First thing every morning at work, I grab my reusable water bottle and take it to the breakroom to wash out. Just a squirt of liquid dish soap will do, but I always like to give the dish soap bottle a little extra squeeze to make little bubbles come flying out. Every time I do this, I think of the part in Finding Nemo, which I was only blessed to watch at least 50 times when the boys were younger, where one of the aquarium fish becomes overjoyed every single time the bubbles are released. I figure when I release the bubbles from the dish washing liquid, it gives me at least a little smile for the start of the day.
But this morning was different, I found no joy in the bubbles. As many people around the world, I find I have a heavy heart after the weekend’s horrific attacks in Paris. I have a hard time understanding how such evil is even possible.

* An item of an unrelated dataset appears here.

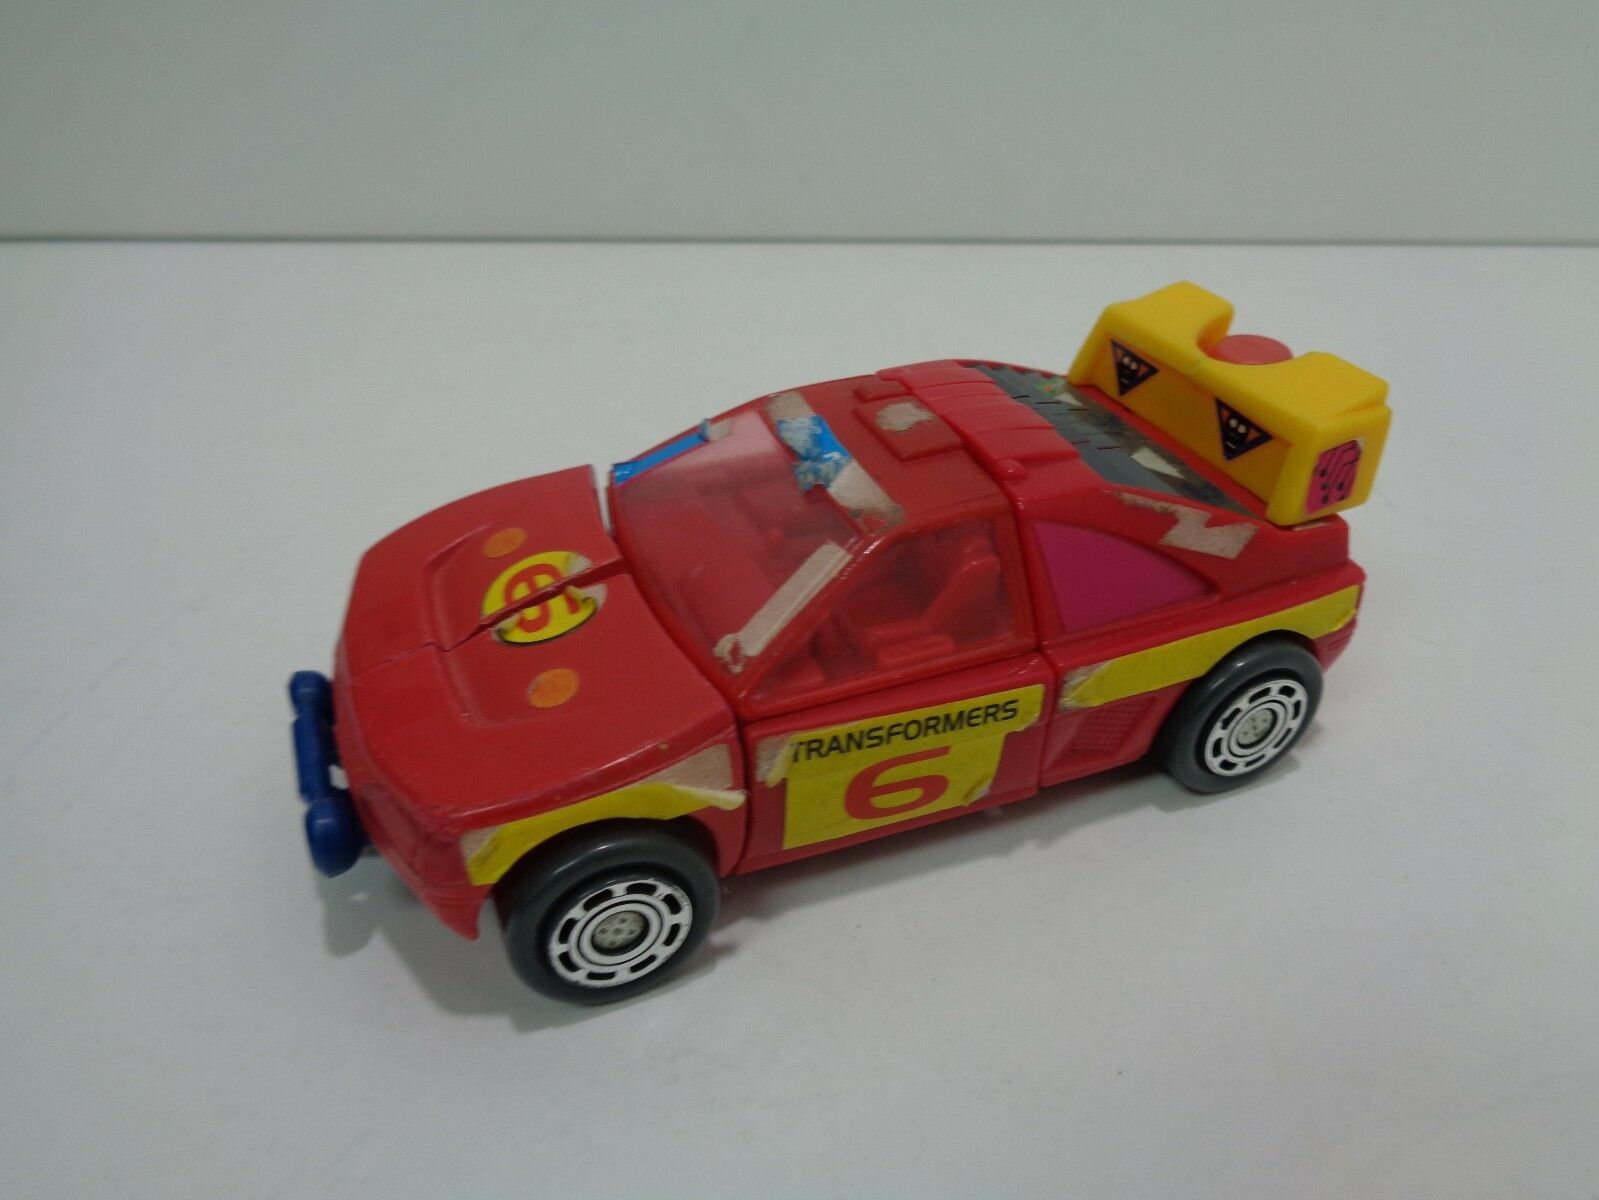 Transformers JETSTORM Generation 1 (Europe) - Complete Figure - 1993 Hasbro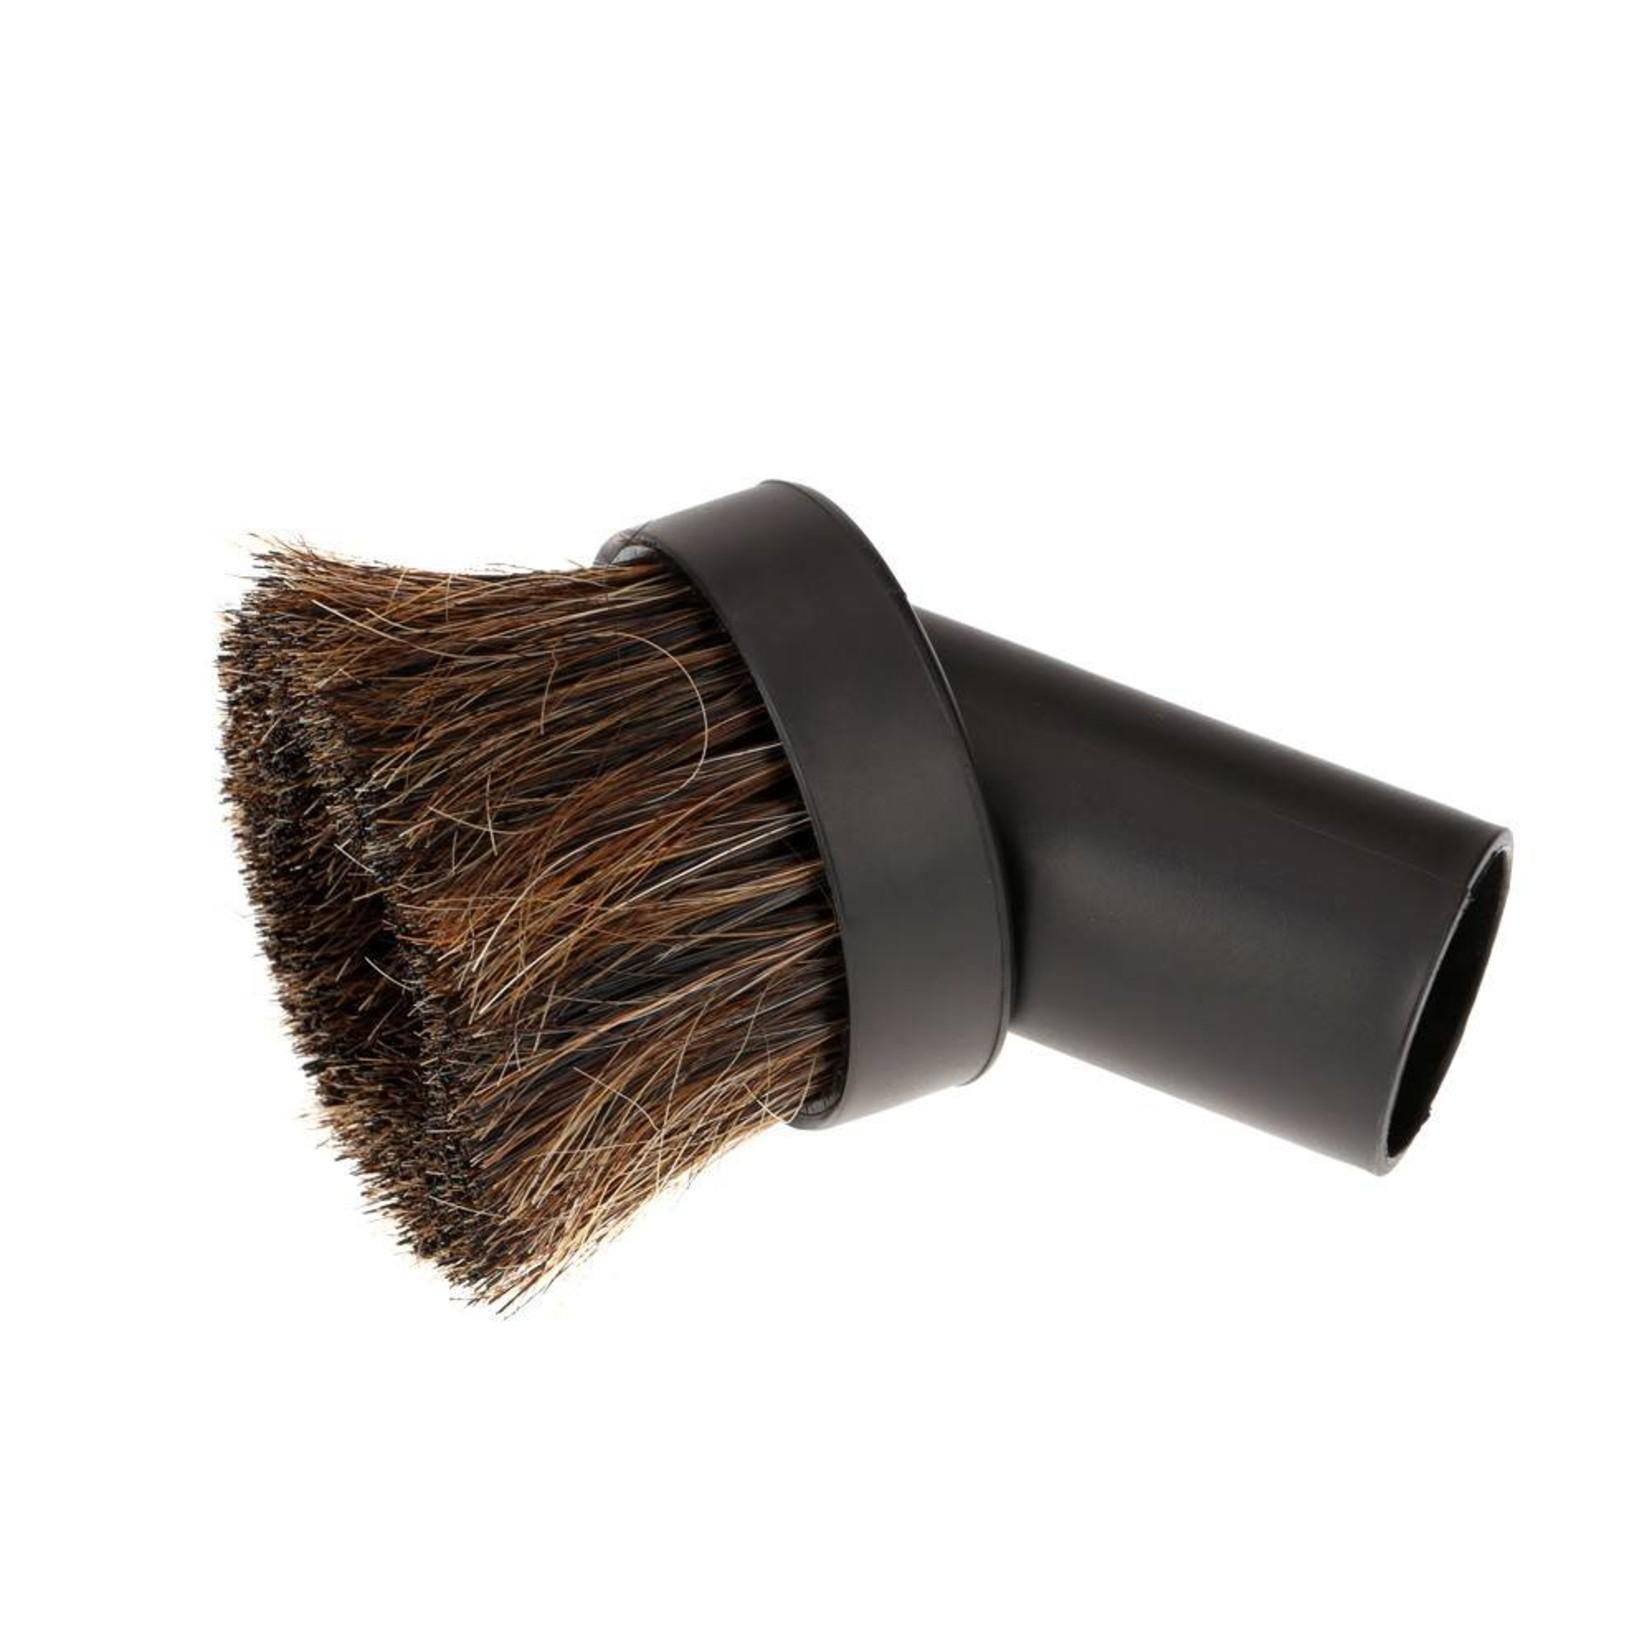 Swiss Boy CVS Round Horse Hair Dusting Brush - Black

When such tragic events occur, I find myself longing for the days when my parents were responsible for carrying the burden of worrying about world events. I was happily ignorant throughout my youth, made possible by my parents’ efforts I’m sure of it.
I don’t particularly like this part of being an adult, or a parent. I think I’d rather remain oblivious to current events. I’m certain I’m not saying the right thing to my boys when they have questions. But I suppose as Gerald and I go about our daily business, I hope this shows them that life goes on. If we give in to the terrorists and live in fear and never go anywhere or do anything, then they win. Don’t get me wrong, I have to fight the urge to lock my children up in the house and never let them go anywhere. I do sometimes harbor a fear of something bad happening to my kids, especially after some horrific tragedy, but I know I can’t let that fear take over our lives.
I’m curious how others are dealing with the current world in which we live. Coping mechanisms? What are you telling your kids? I’d love your input.